Reasons for the variation in the prevalence of sleep apnea could be the sampling of different populations without using a random sampling method, small sample size, or the use of different criteria to define sleep apnea. An important problem has been the scoring criteria for apnea and hypopnea and the definition of AI, AHI, or RDI. In the current American Academy of Sleep Medicine guidelines for scoring [206], these questions have been addressed and standardized (see Chap. 25). Another problem has been the clinical significance of an AI or RDI of 5. Some authors have suggested that an AI of 20 or more is related to increased risk of death [207]. In a survey among 427 randomly selected community-dwelling people, 65–95 years of age, in San Diego, California, Ancoli-Israel et al. [186] reported that 81 % of the subjects had an AHI of ≥5 with a prevalence rate of 62 % for an AHI of ≥10, 44 % for an AHI of ≥20, and 24 % for an AHI of ≥40. Night-to-night variability in sleep apnea has been the other confounding problem in the elderly [186, 208–211].

The question of the relationship between sleep apnea or sleep-disordered breathing and increased morbidity or mortality remains controversial, several studies, however, have found a positive relationship [207, 212, 213]. In a nearly 10-year follow-up of a randomly selected, population-based probability sample of 426 men and women (65–95 years old), Ancoli-Israel et al. [214] found that those with severe sleep-disordered breathing (RDI of 30 or more) had a significantly shorter survival but that the RDI was not an independent predictor of death. Similar results were reported from a sleep disorders clinic patient population study by Lavie et al. [215], Ancoli-Israel et al. [214] stated that other confounding variables such as age, hypertension, and cardiovascular or pulmonary disease might be responsible for the increased morbidity and mortality. Chronologic or biological age (determined by biological markers of physiologic aging) may be the single most important factor for increased morbidity and mortality in sleep-disordered breathing (i.e., sleep apnea may be an age-dependent condition). To address this controversy, well-designed controlled clinical studies are needed.

The diagnostic evaluation should begin with a thorough history of sleep disturbances, which may be EDS, difficulty initiating or maintaining sleep, and intrusions of unusual behavior during sleep. Physical examination may direct attention to systemic disease.
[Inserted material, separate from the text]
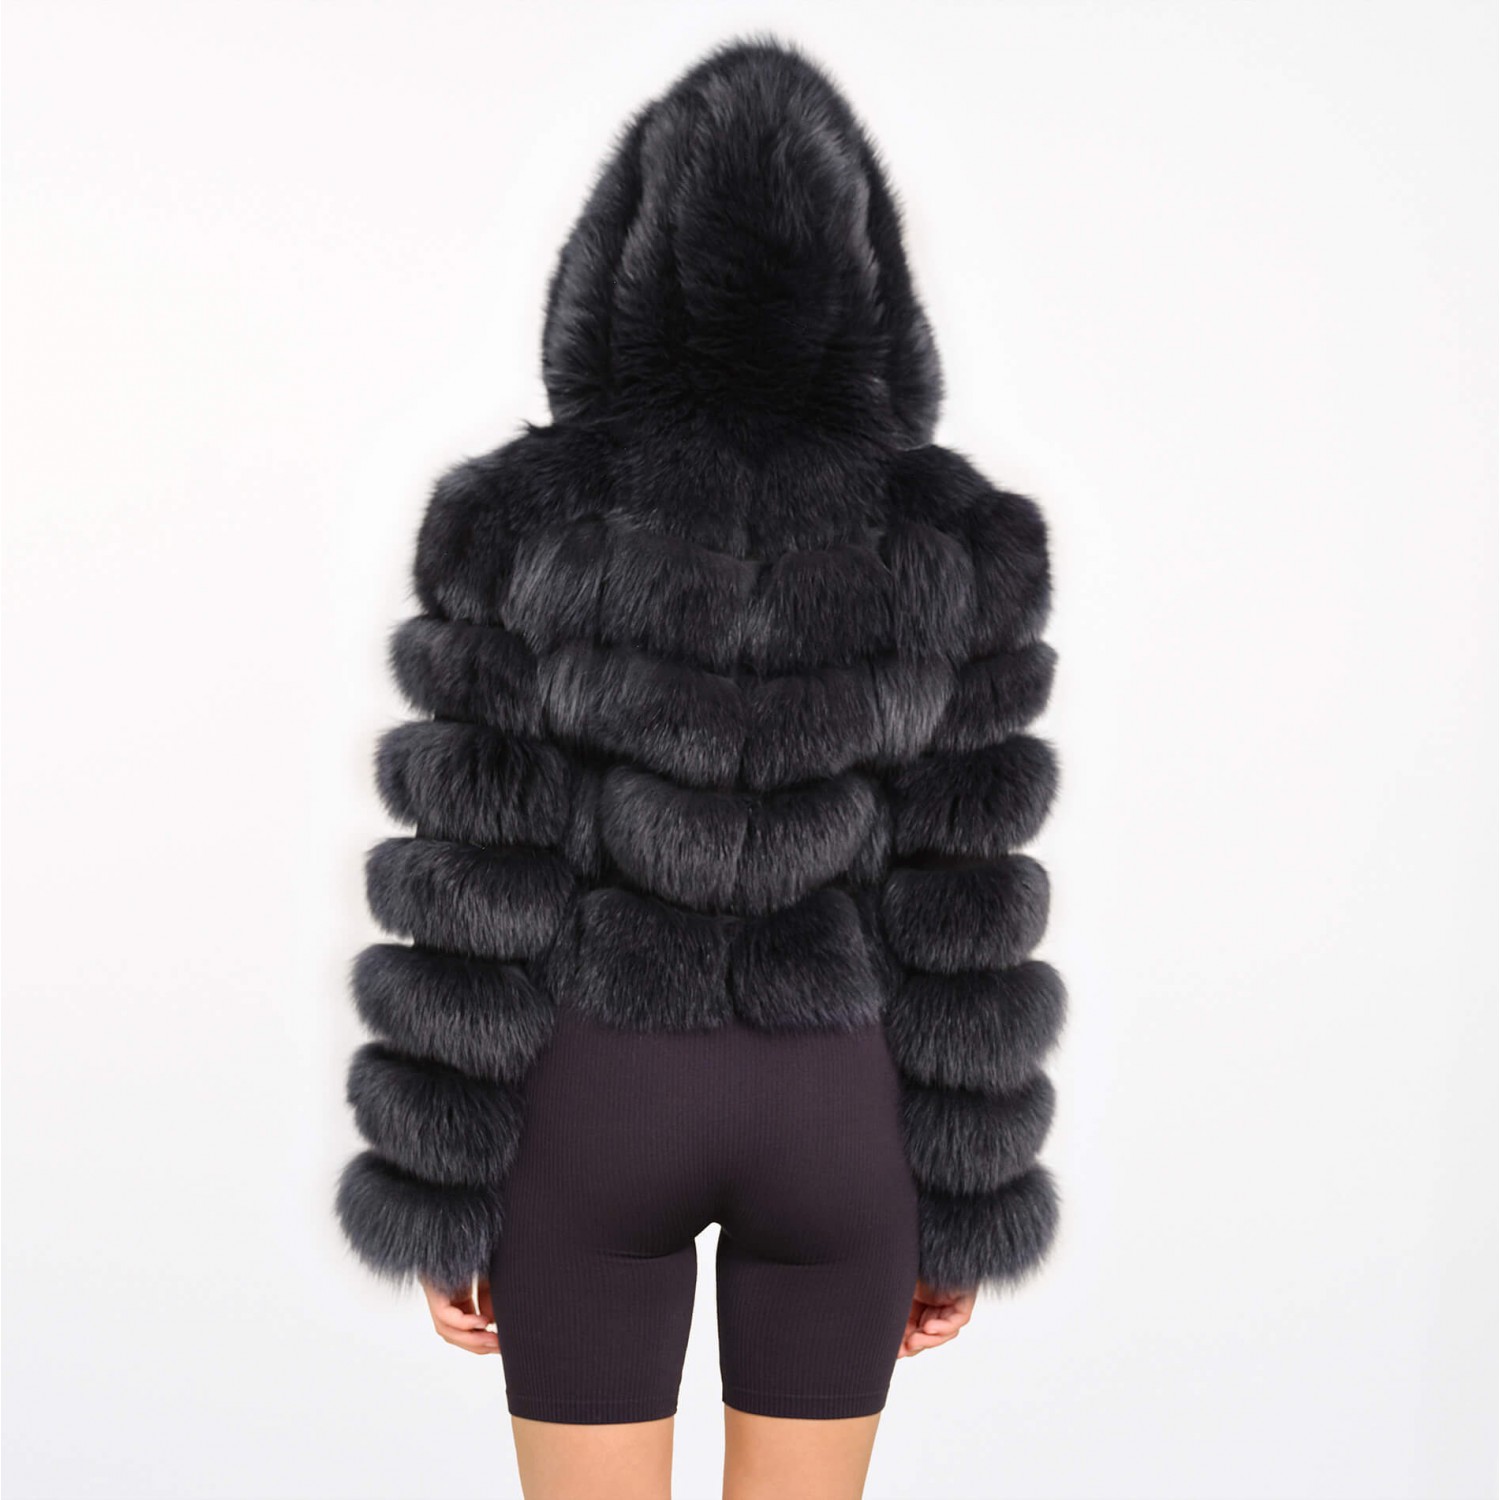 Cropped fur jacket

Based on the history and findings of the physical examination, a decision should be made regarding referrals to specialized sleep centers for PSG and MSLT studies. Tests should be performed when clinical interview and examination cannot resolve the problems.

Most of the sleep disturbances of elders can be diagnosed by a careful history and physical examination. For some conditions, however, laboratory assessment is important. In SAS, it is important to have an all-night PSG study to quantify and determine the severity of sleep-related respiratory disturbances. Sleep apnea is a treatable condition, so it is important to make this diagnosis correctly. In addition, MSLT and PSG studies are important for a narcolepsy diagnosis, although in elderly people this diagnosis may have been made many years earlier. All-night video recordings are necessary to diagnose some conditions, such as RBD, that require the examiner to differentiate from among a number of sleep disorders with similar symptoms. Appropriate tests should be performed if other medical or neurologic disorders are suspected.

The objective of treatment is to reduce the risk of mortality and morbidity and improve quality of life (Box 51.3) [279]. The first step is accurate assessment and diagnosis.